Она сказала «до свидания», встала с персидской оттоманки и ушла быстрыми, легкими шагами.
Я думал, что она вскоре вернется, чтобы объяснить мне причину этого внезапного и резкого прощания. Я сидел и ждал. Она медлила, а я молча вспенивал, взвинчивал в своей душе ненависть. В этом мелком, беспричинном и бессмысленном озлоблении я уже готовил ей новые, ядовитые обиды. Я собирался высказать ей грубо мое мнение о ее благотворительных экранах и вообще о ее кустарной филантропии: «В основе все это ложь, фальшь и лицемерие. Это нечто вроде копеечных Евангелий, приносимых старыми английскими девами в тюрьмы и публичные дома; взятка Богу; свеча, поставленная перед иконой неумолимым ростовщиком, страховка трусливого богача против будущего народного гнева, а в лучшем случае, – это всего лишь детская клистирная трубка во время пожара...»

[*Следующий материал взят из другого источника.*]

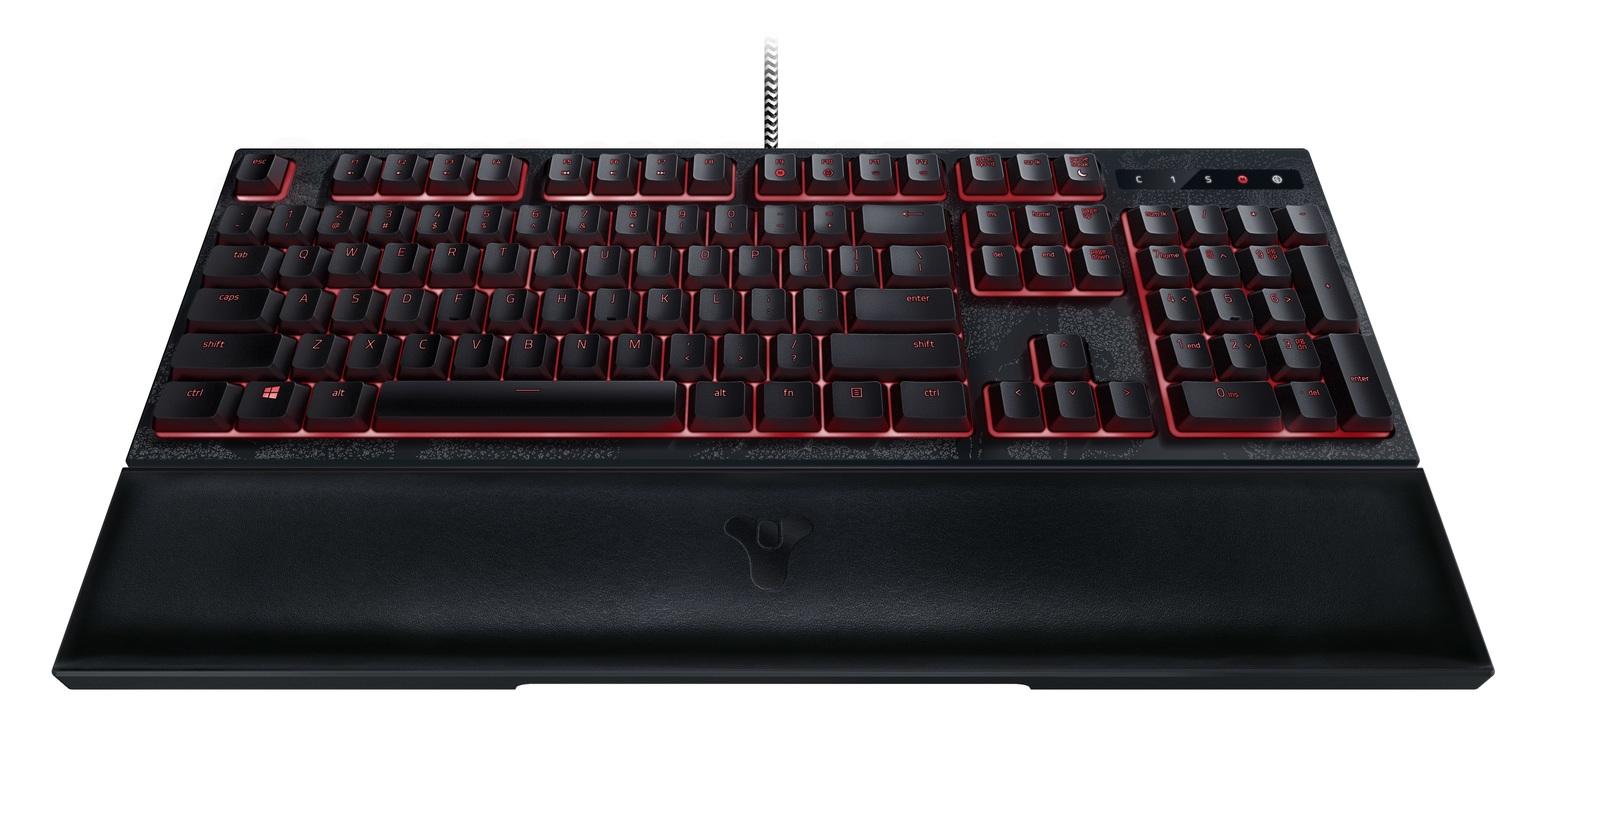 Destiny 2 Razer Ornata Chroma Gaming Keyboard for PC Games image

Я еще хотел рассказать ей об одной жестокой сцене, происшедшей между Львом Толстым и Тургеневым и чуть не доведшей их до дуэли. Во всяком случае, после нее великие писатели остались надолго врагами. Во время завтрака у Толстых Тургенев с неподдельным восхищением говорил живописно о том, как английская гувернантка приучает его побочную дочку, Полину, к делам благотворительности.
– Каждое воскресенье, – умиленно говорил Тургенев, – они обе идут на самые жалкие окраины города, в хижины нищих, в подвалы бедных тружеников, на чердаки горьких неудачников... И там обе они смиренно и самоотверженно занимаются целый день починкой и штопкой их убогого белья. О, как это трогательно, прекрасно и просто. Не правда ли?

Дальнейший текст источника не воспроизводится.